In addition to the vanilla functionality we'd expect, Psycopg2 has a lot of useful hidden features in a submodule called psycopg2.extras. We're going to dig into this toolbox and pull out something called DictCursor: a flavor of database cursor that will return rows as a list of key/value pairs as opposed to only values

Using DictCursor to Return More Useful Results

My personal favorite of these extras is the DictCursor, which renders the rows being returned by our query as Python dictionaries as opposed to lists. When using a DictCursor, the key is always the column name, and the value is the value of that column in that particular row.

We're going to create a function similar to the select_rows() function we created before, with a notable twist: this time, we'll be passing a keyword argument called cursor_factory into self.conn.cursor():

from psycopg2.extras import DictCursor

    ...

    def select_rows_dict_cursor(self, query):
        """Run SELECT query and return list of dicts."""
        self.connect()
        with self.conn.cursor(cursor_factory=DictCursor) as cur:
            cur.execute(query)
            records = cur.fetchall()
        cur.close()
        return records
A new select_rows_dict_cursor() function.

While our cursor is open, all rows returned by the query will be returned as dictionaries... kind of. Here's what the output of the above looks like:

[1, 'Rickard', 'Paolo', 'rpaolo0@altervista.org', 'Services', '97139 Dennis Circle', datetime.date(2017, 7, 28)]
[2, 'Erin', 'Maro', 'emaro1@homestead.com', 'Legal', '5 Derek Lane', datetime.date(2016, 5, 20)]
[3, 'Quinlan', 'Haycroft', 'qhaycroft2@google.nl', 'Research and Development', '4 Lighthouse Bay Hill', datetime.date(2017, 9, 17)]
[4, 'Hi', 'Saterthwait', 'hsaterthwait3@wunderground.com', 'Business Development', '162 Sachs Circle', datetime.date(2015, 9, 22)]
[5, 'Kelley', 'Ritch', 'kritch4@oakley.com', 'Sales', '301 Cody Crossing', datetime.date(2019, 2, 13)]
Query results.

That looks like the same old list of values of before!
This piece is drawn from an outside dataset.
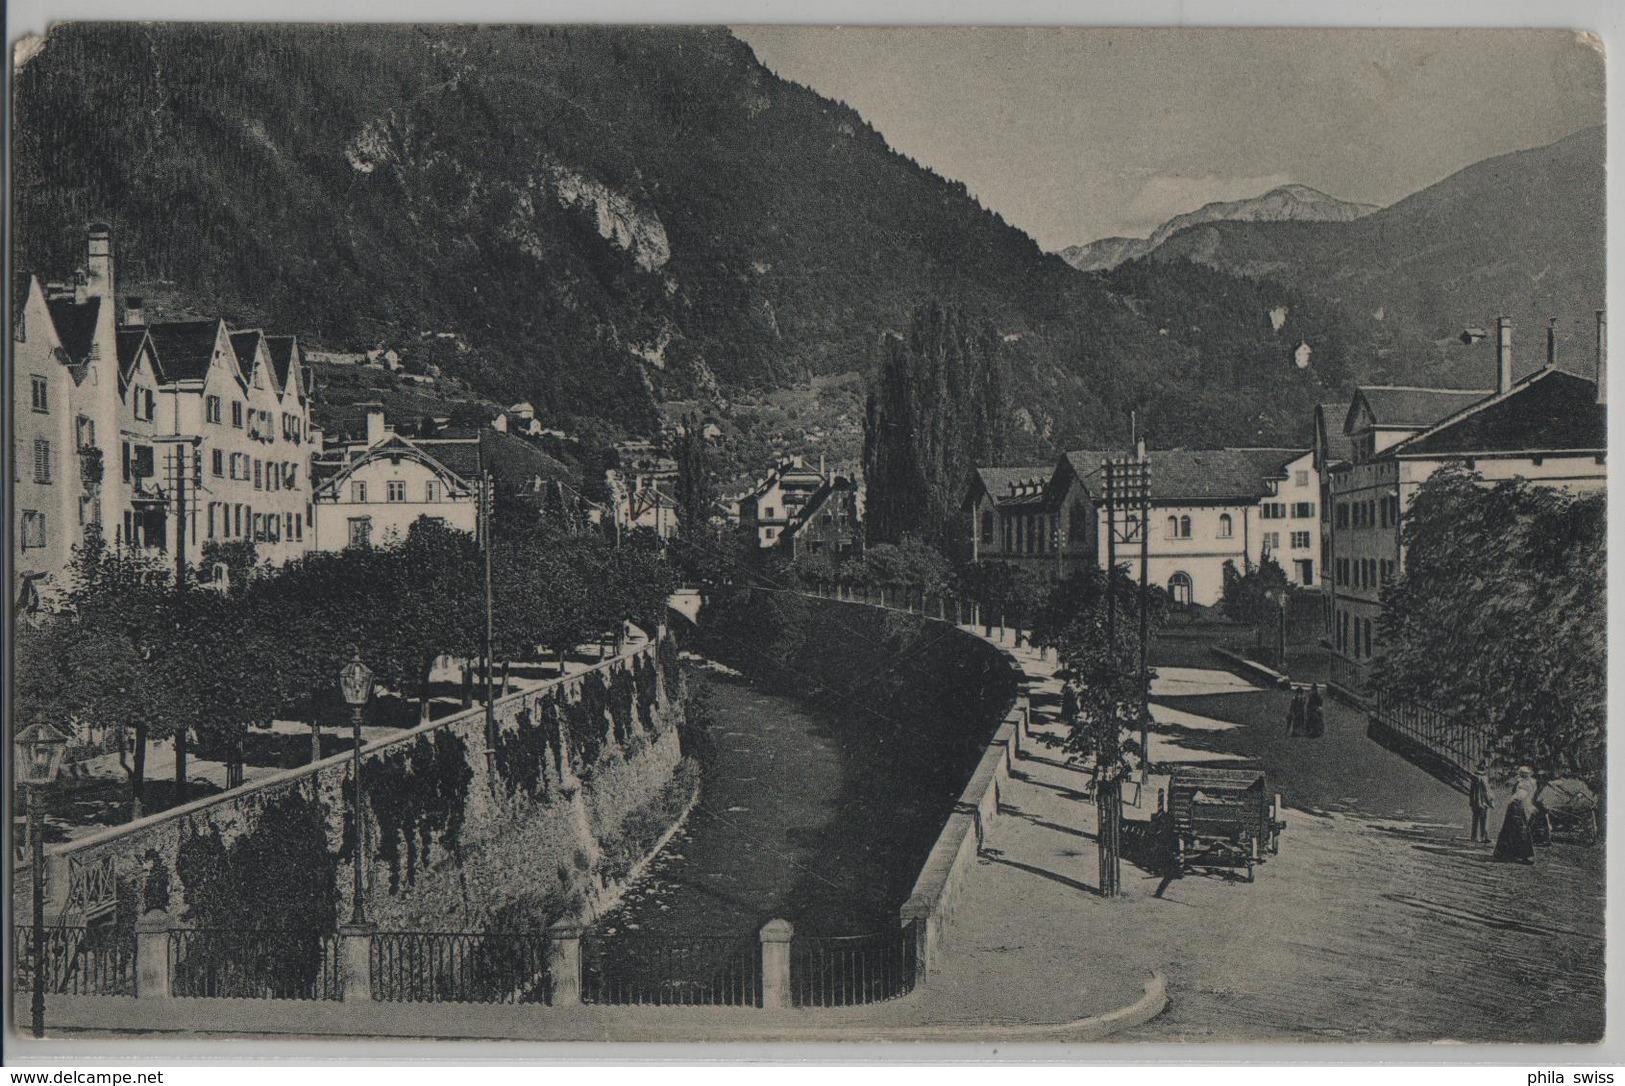 Chur - Plessurquai Gegen Das Schanfigg - GR Grisons

Not so fast - let's check the type of each row using logger.info(type(row)) in our loop instead:

<class 'psycopg2.extras.DictRow'>
<class 'psycopg2.extras.DictRow'>
<class 'psycopg2.extras.DictRow'>
<class 'psycopg2.extras.DictRow'>
<class 'psycopg2.extras.DictRow'>
Data types of each returned row

Aha! These aren't lists of values, they're a new data structure unique to Psycopg2! While we see what appears to be a list of values, each value in each row has a key: the name of the column it belongs to. Check it out:

def select_rows_dict_cursor(self, query):
    """Run SELECT query and return dictionaries."""
        self.connect()
        with self.conn.cursor(cursor_factory=DictCursor) as cur:
            cur.execute(query)
            for row in cur.fetchall():
                print(row['first_name'])
Accessing values by column name

Gives us:

Rickard
Erin
Quinlan
Hi
Kelley
All values belonging to a single column.

Awesome! With this new function we can return what looks to be the same as what we have before, with the power to access values based on which column they belong in. Alas, the final product:

def select_rows_dict_cursor(self, query):
        """Run SELECT query and return dictionaries."""
        self.connect()
        with self.conn.cursor(cursor_factory=DictCursor) as cur:
            cur.execute(query)
            records = cur.fetchall()
        cur.close()
        return records

Other Psycopg2 Extras

There's plenty more to the Psycopg2 library where that came from. Psycopg2 contains a submodule named extras, which contains various tools to make common database tasks easier - it's up to you to decide which are worth your while.

For example, another extra which might be of interest could be psycopg2.extras.LoggingConnection, useful for debugging connection statuses and errors as you work through your program.

There's even a JSON Adaptation extra, which provides support for leveraging JSON data in building queries:

cur.execute("insert into mytable (jsondata) values (%s)",
    [Json({'a': 100})])

I don't dwell too deep in Psycopg2 extras myself, but if you see any Godlike extras I'm missing, feel free to call them out in the COMMENTS BELOW! (Hah! I've always wanted to say that).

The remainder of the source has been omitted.